***** Data block
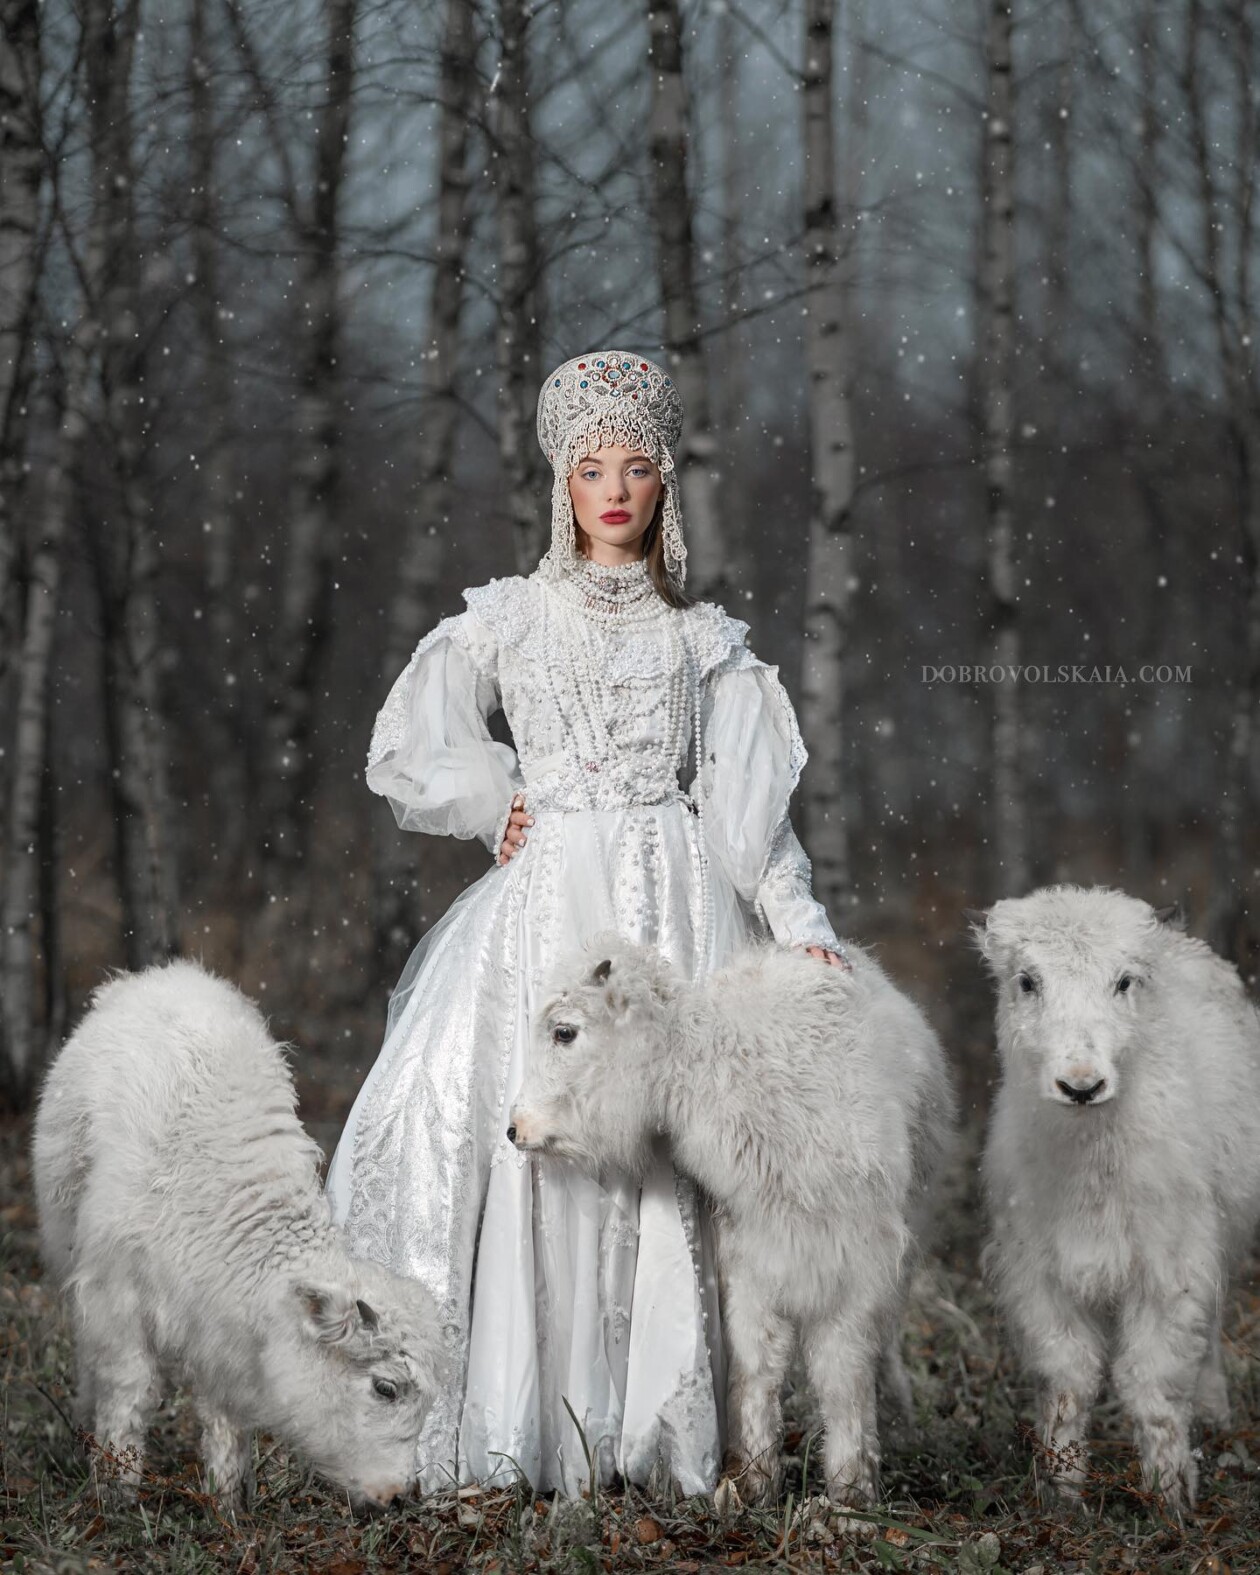 The Bond Between Humans And Animals In Anastasiya Dobrovolskaya's Portraits (21)
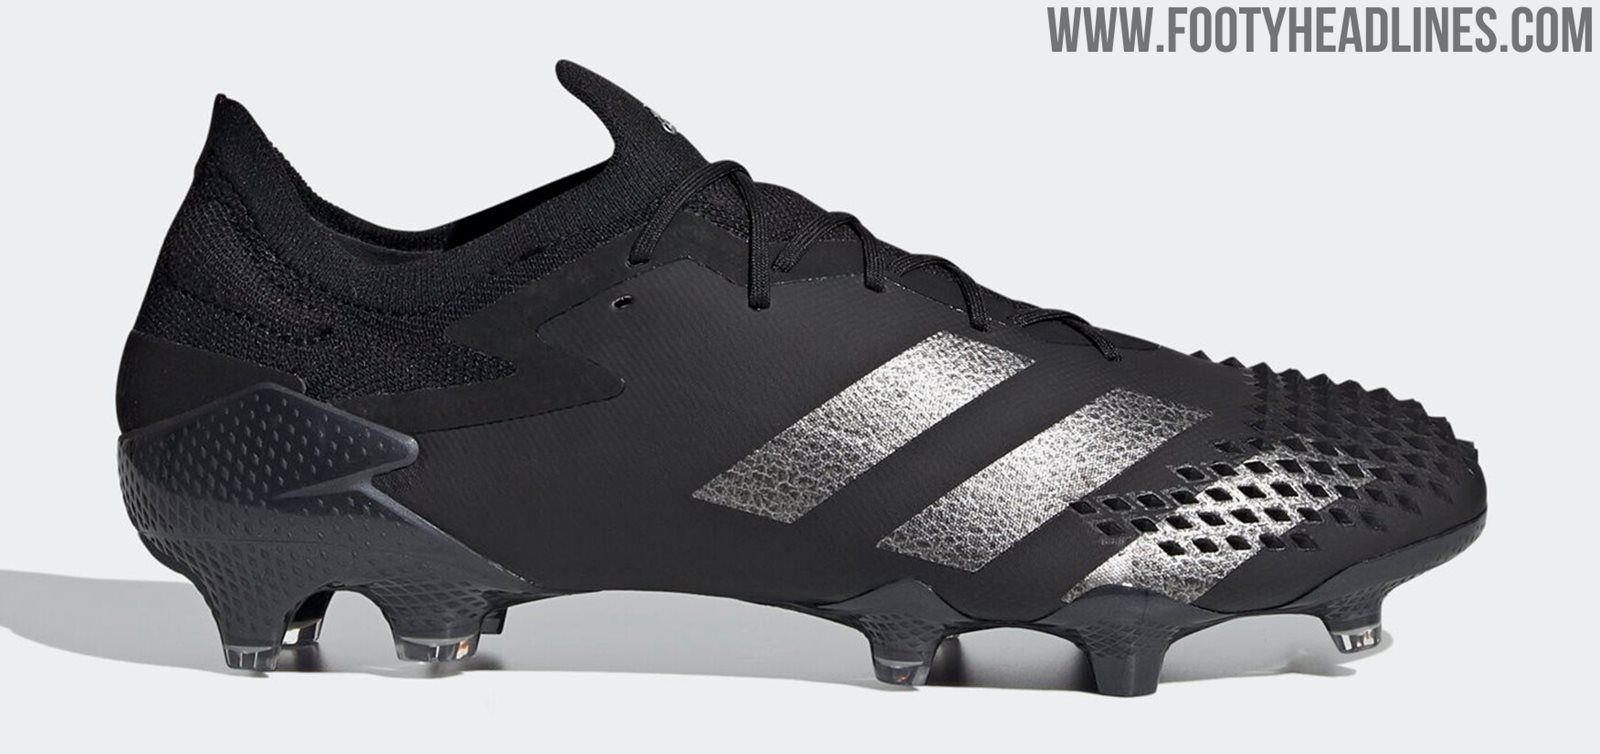 All-New Blackout Adidas Predator 20 Boots - Footy Headlines
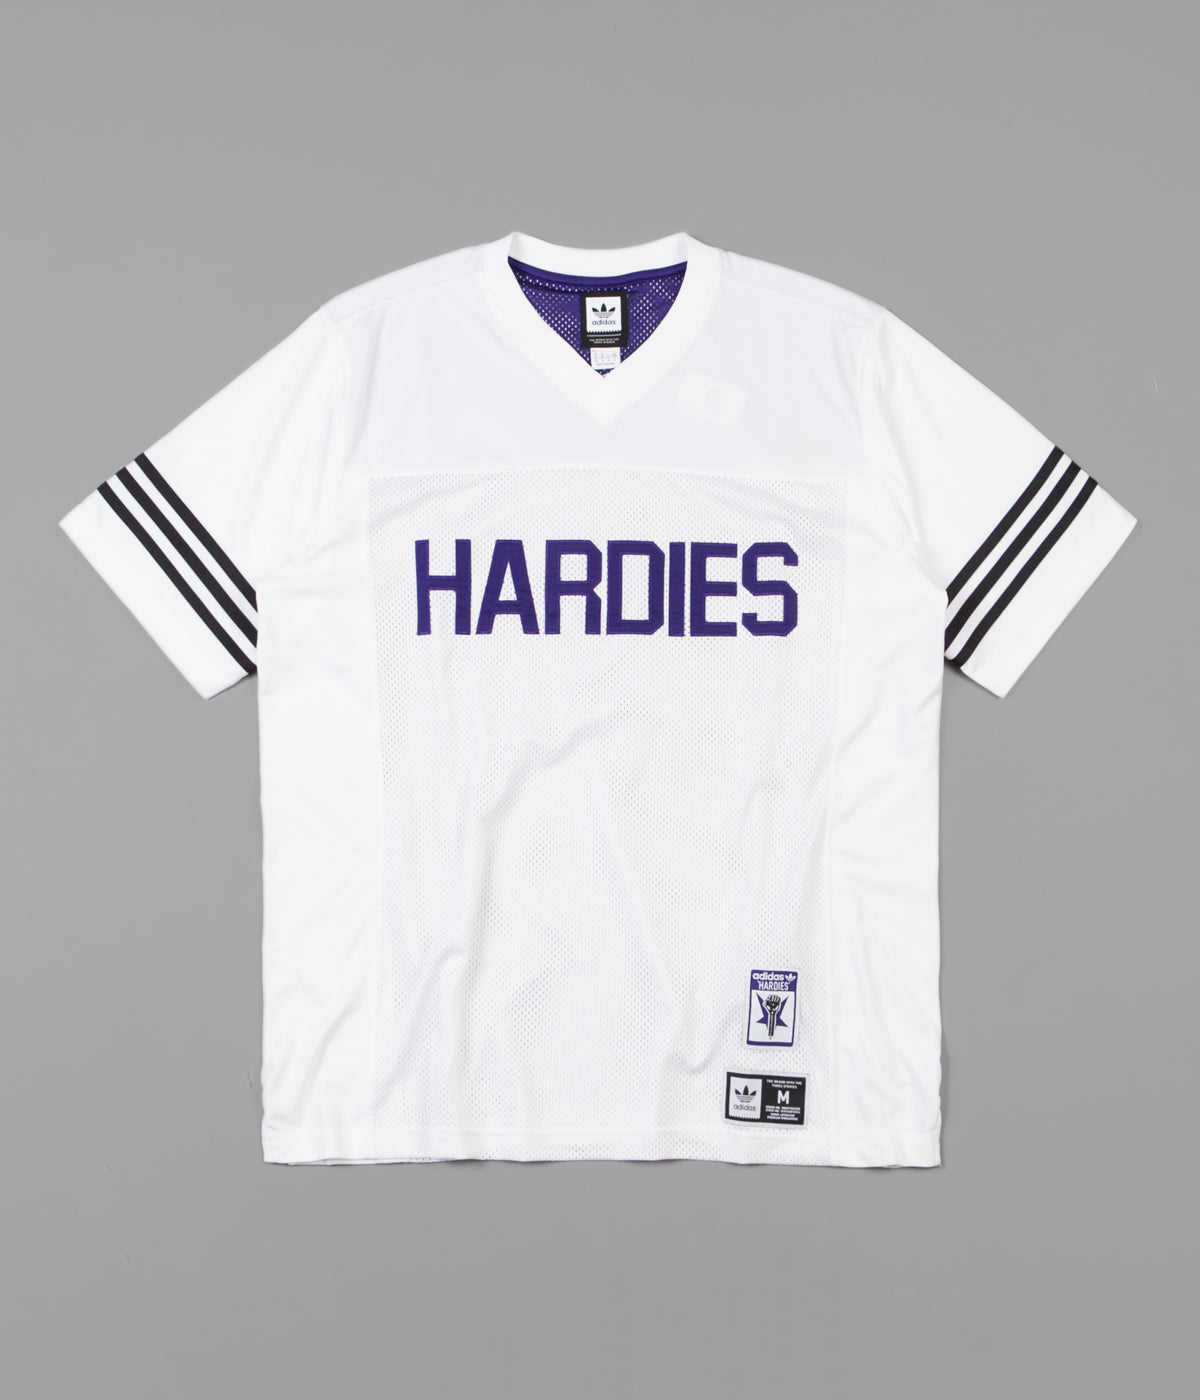 hardies jersey
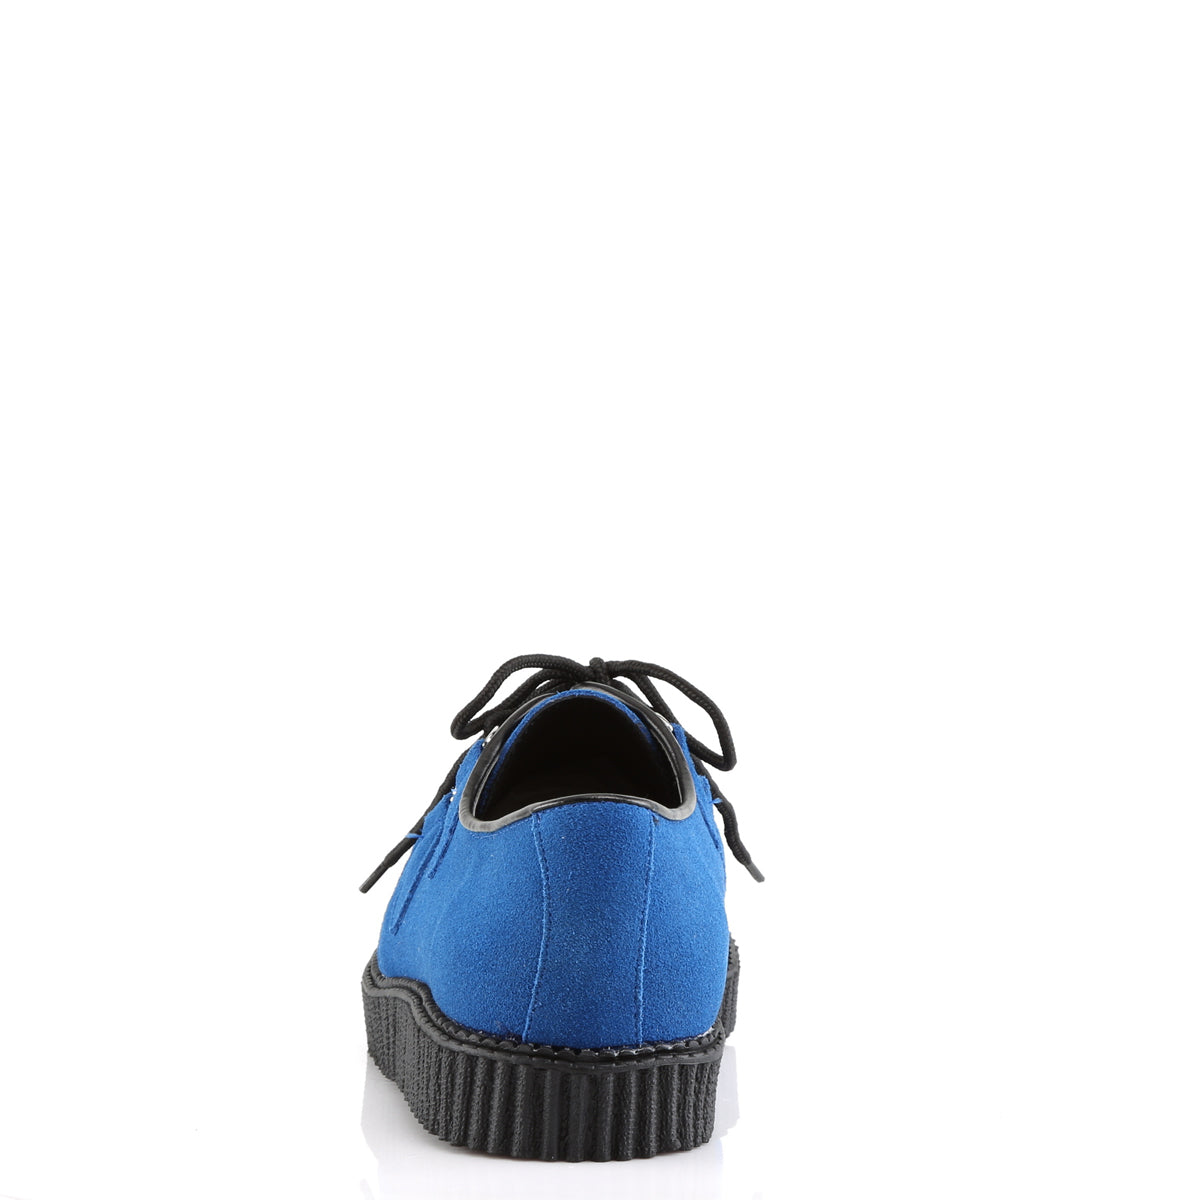 DemoniaCult Chaussure basse pour hommes Creeper-602S Suede bleu royal
**********
Problem to solve — Omit the pictures and reproduce the remaining material above exactly.

Result of the task —
 The Bond Between Humans And Animals In Anastasiya Dobrovolskaya's Portraits (21)
 All-New Blackout Adidas Predator 20 Boots - Footy Headlines
 hardies jersey
 DemoniaCult Chaussure basse pour hommes Creeper-602S Suede bleu royal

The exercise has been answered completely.